# Problem statement:
What is needed is the exact text of each line in the listing below from the one with "Chef Capybara" up to and including the one with "LONDRA, REGNO UNITO", and no pictures.

# Extracted entries:
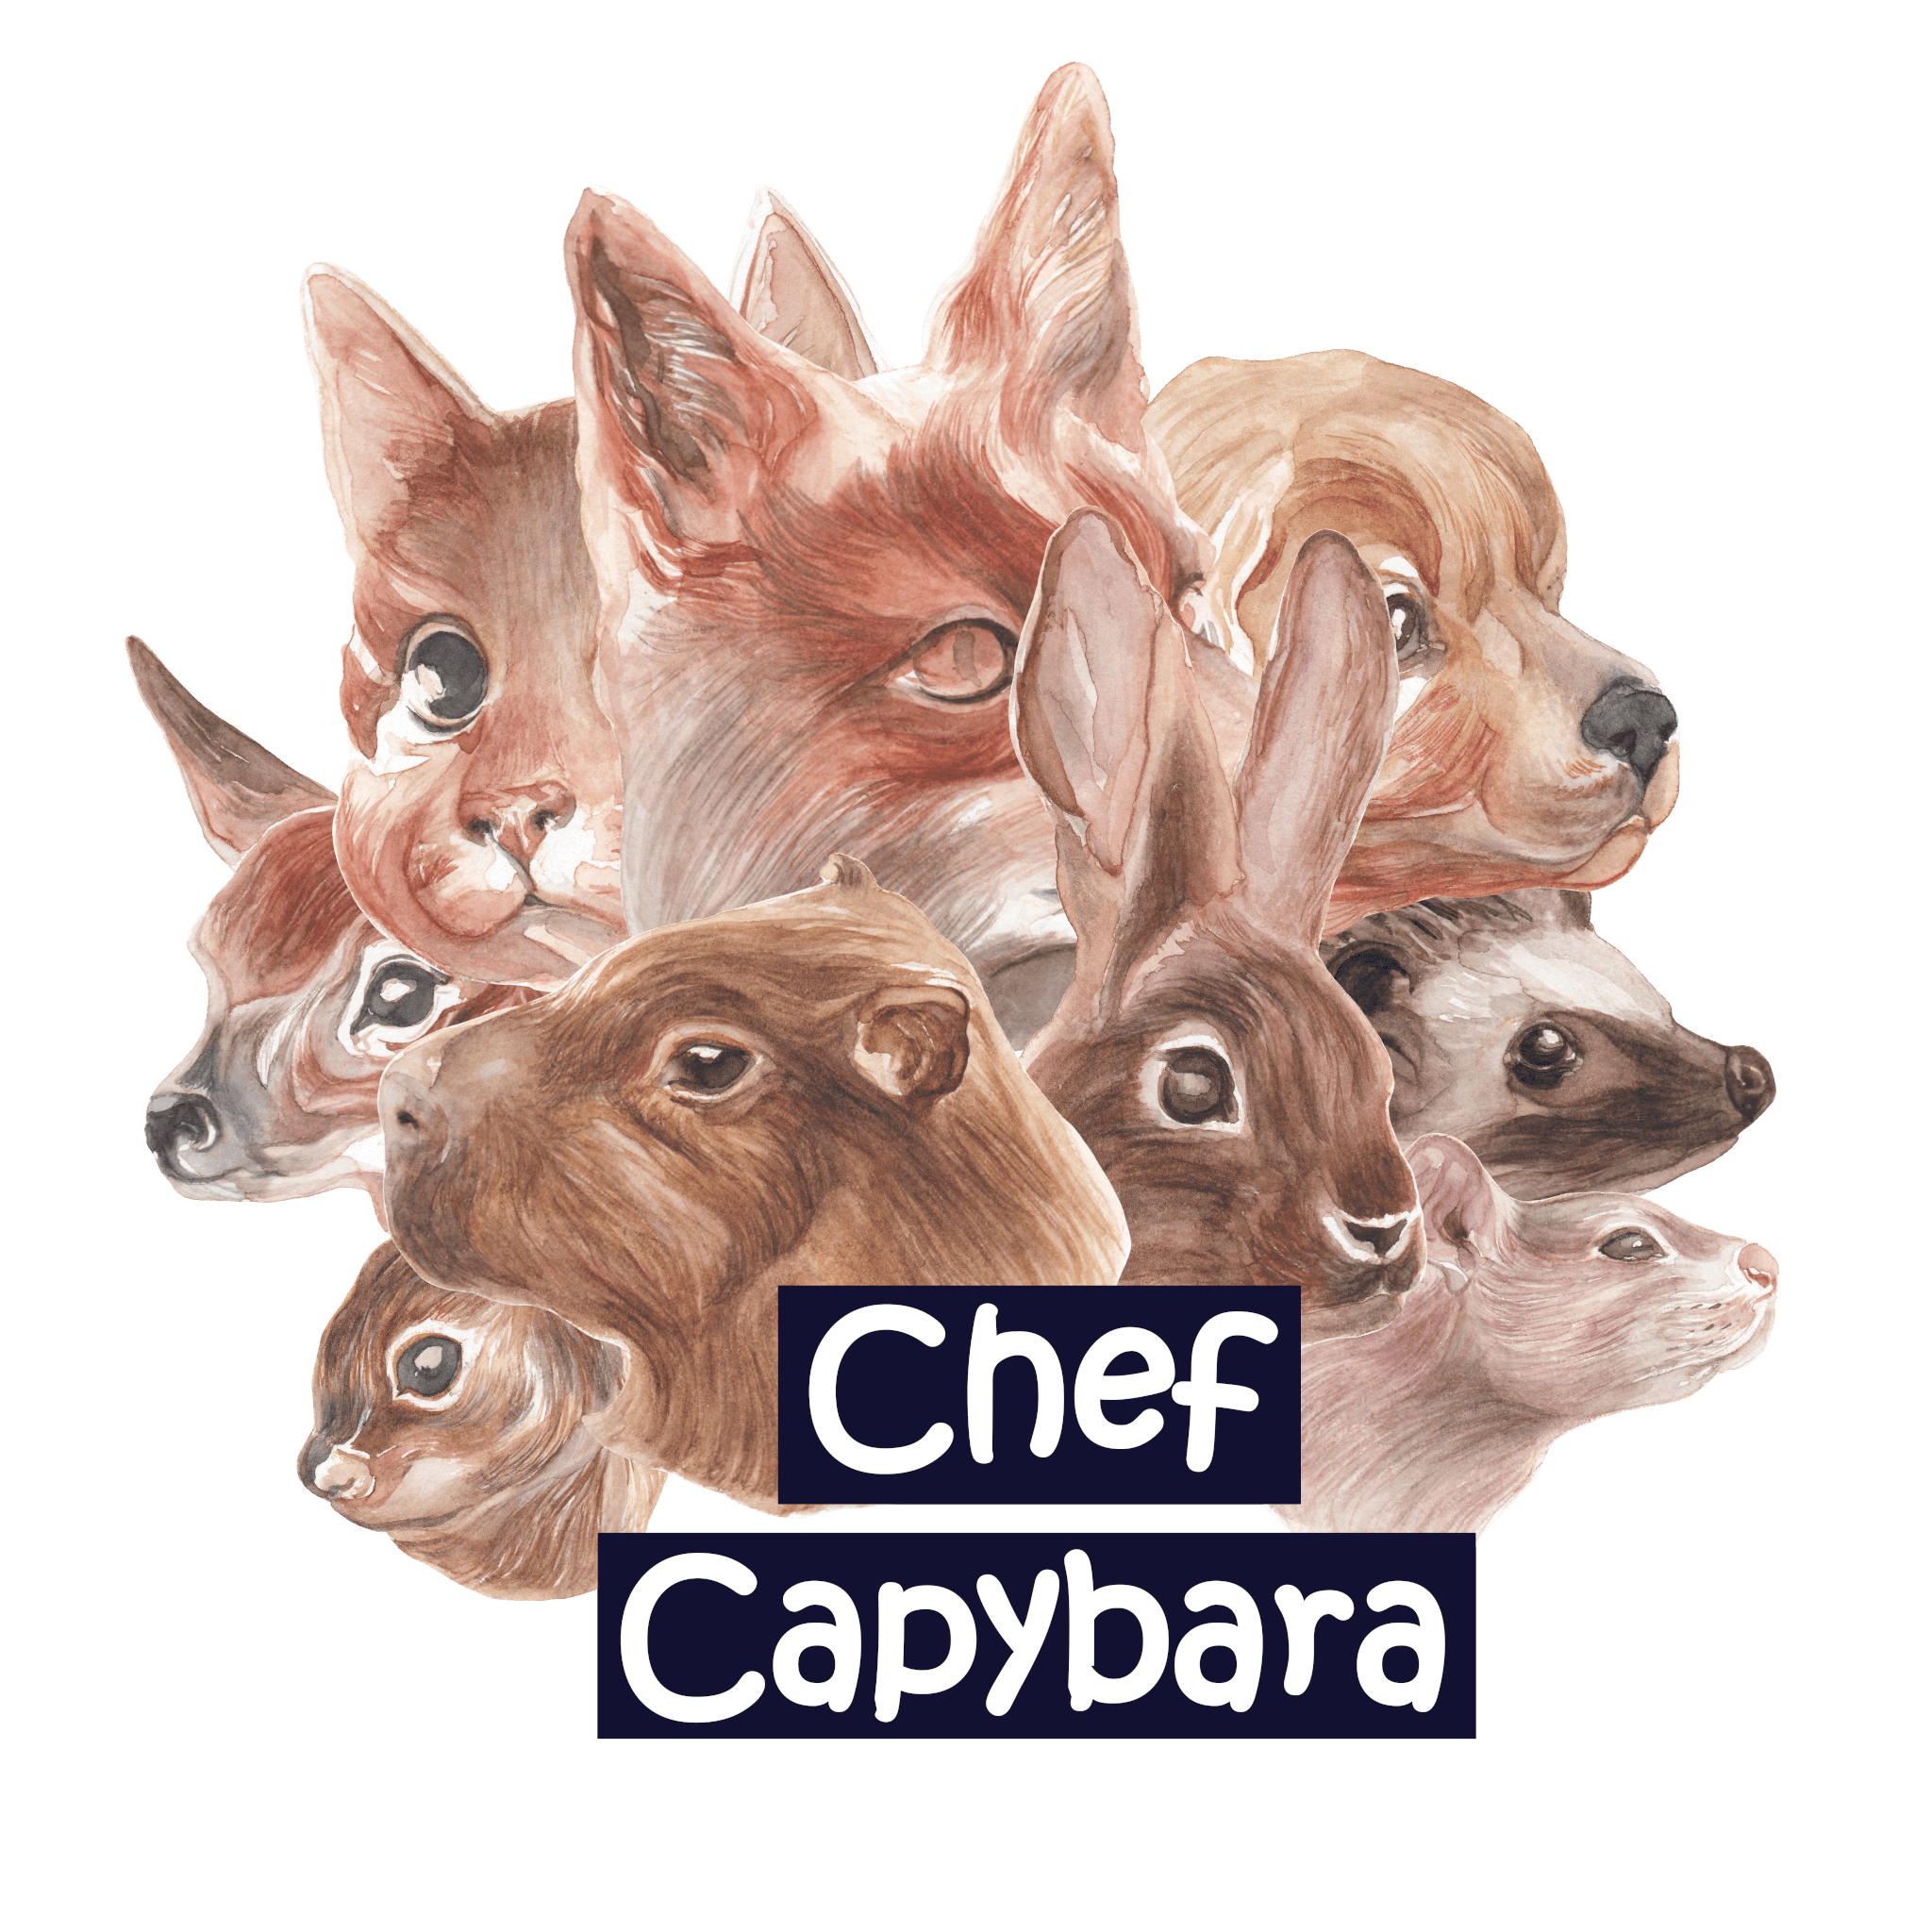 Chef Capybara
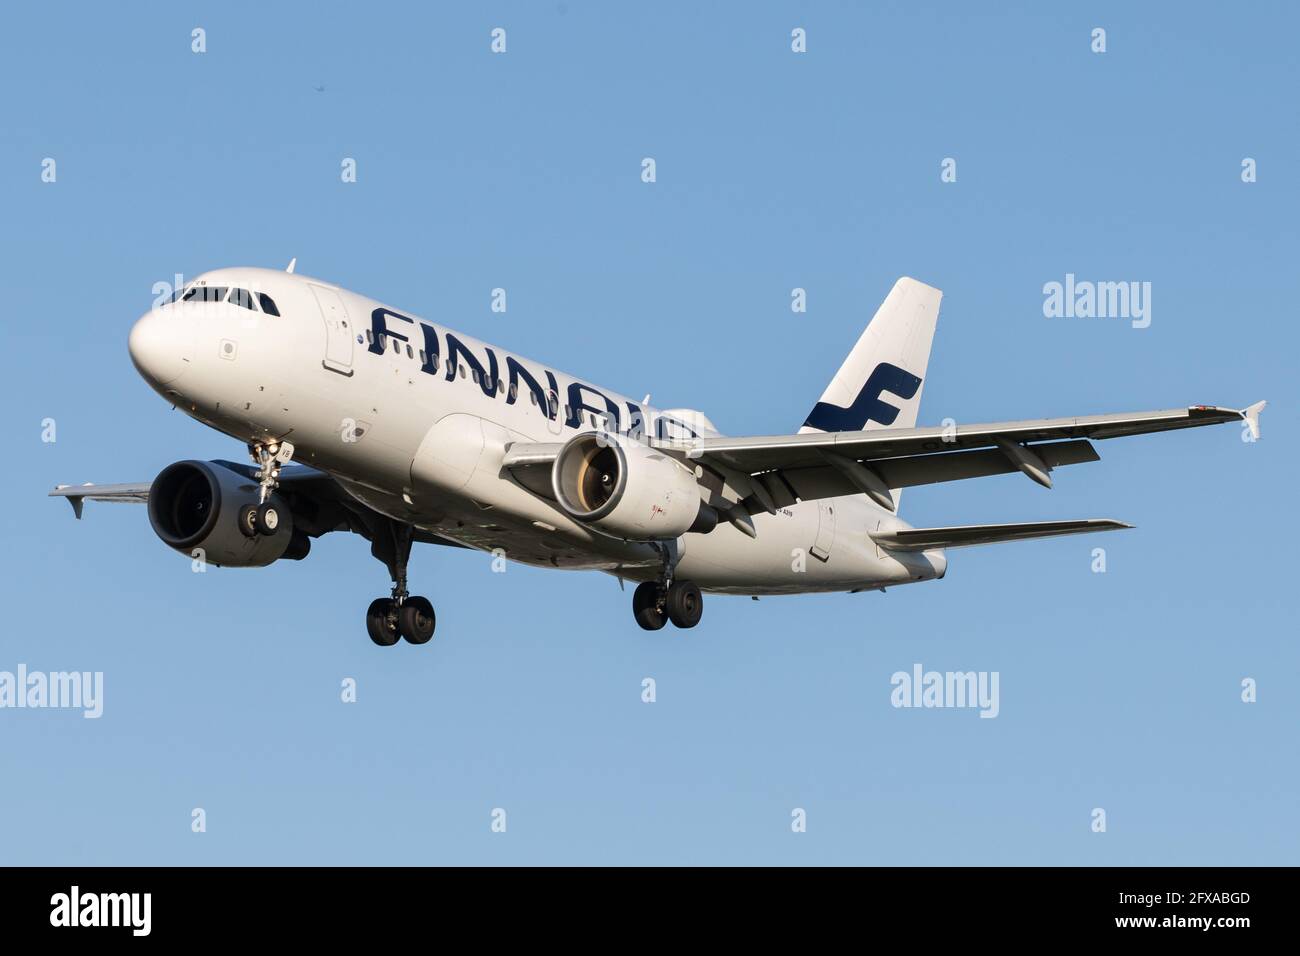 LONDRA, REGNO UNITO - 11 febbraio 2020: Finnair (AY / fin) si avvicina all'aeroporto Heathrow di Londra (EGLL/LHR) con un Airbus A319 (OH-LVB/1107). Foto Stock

--

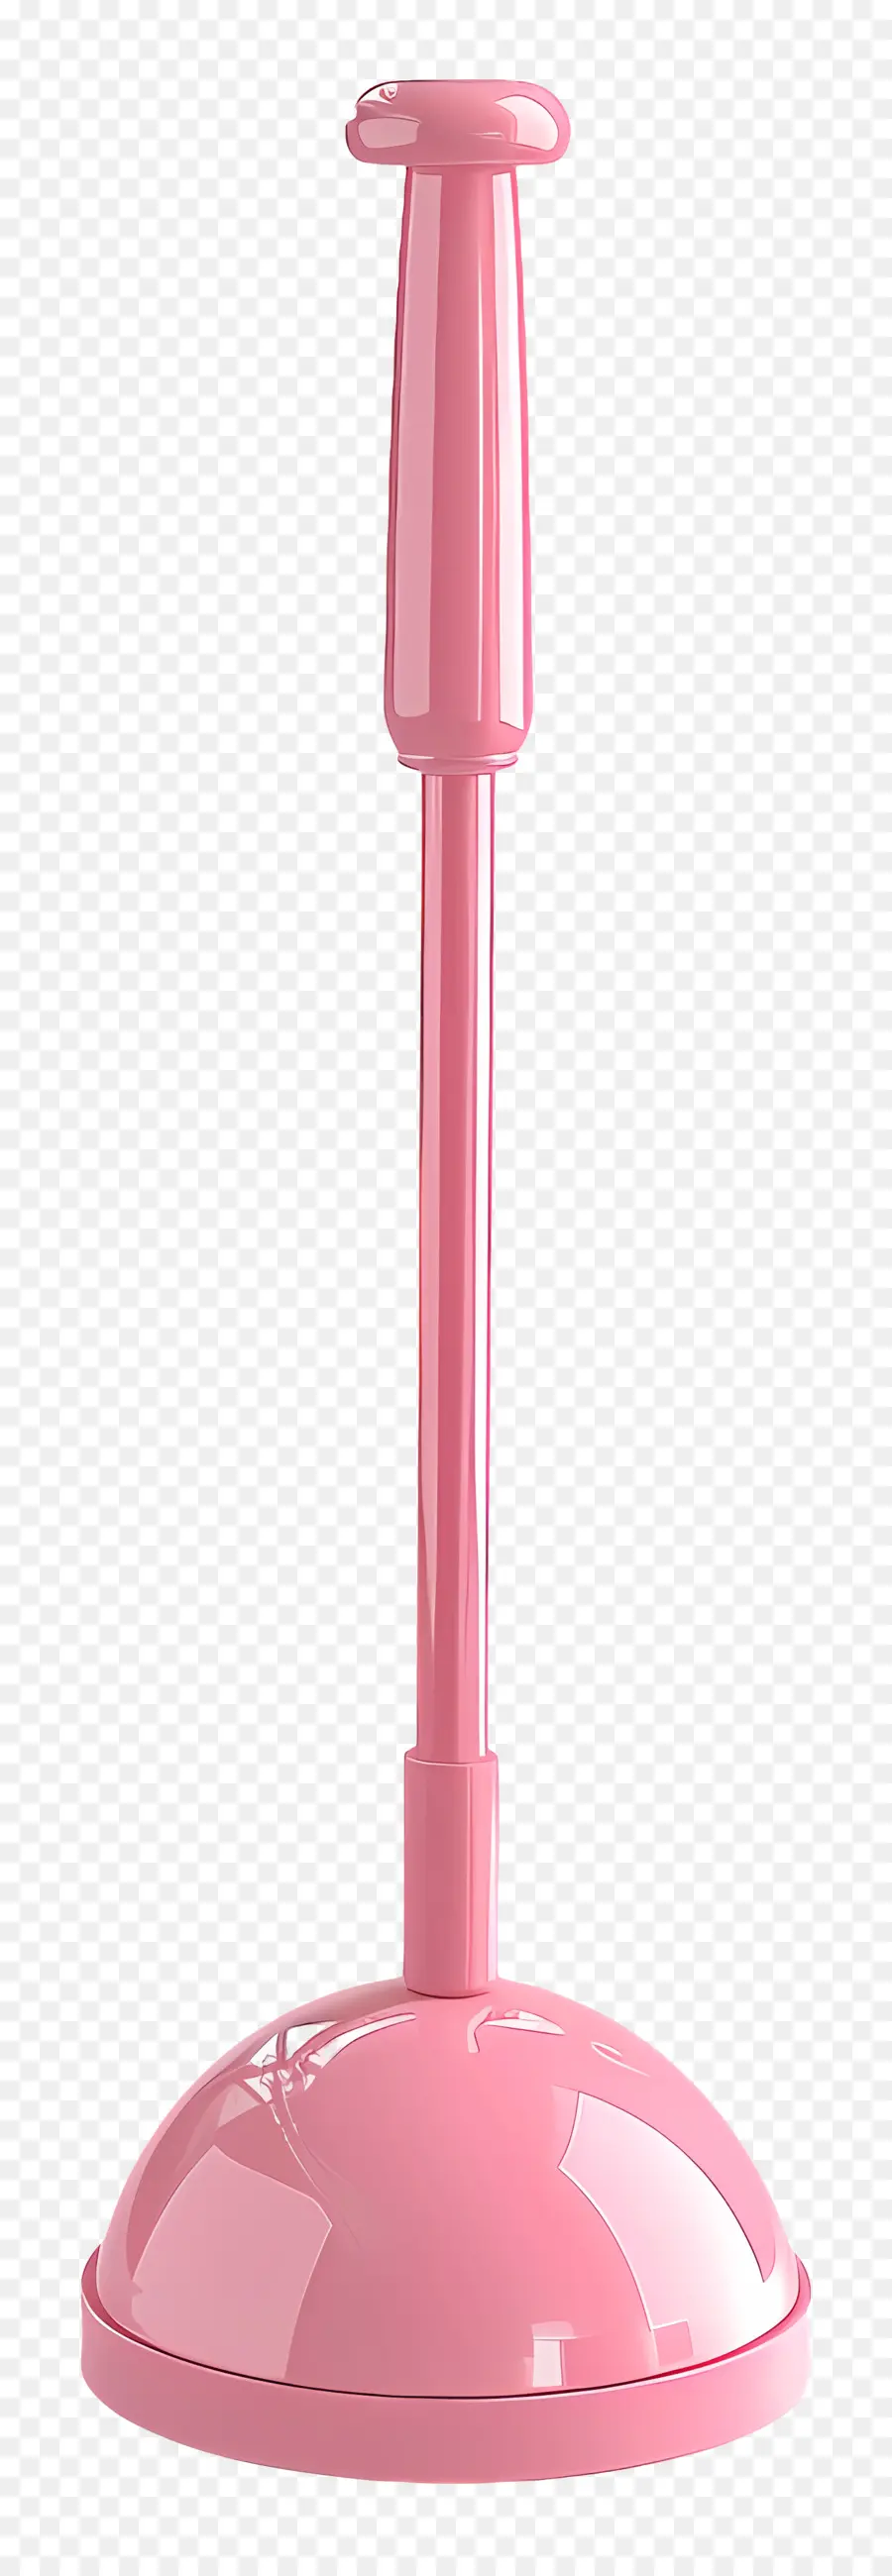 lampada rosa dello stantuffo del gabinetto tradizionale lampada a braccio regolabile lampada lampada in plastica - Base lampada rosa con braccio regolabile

# Task result:
 Chef Capybara
 LONDRA, REGNO UNITO - 11 febbraio 2020: Finnair (AY / fin) si avvicina all'aeroporto Heathrow di Londra (EGLL/LHR) con un Airbus A319 (OH-LVB/1107). Foto Stock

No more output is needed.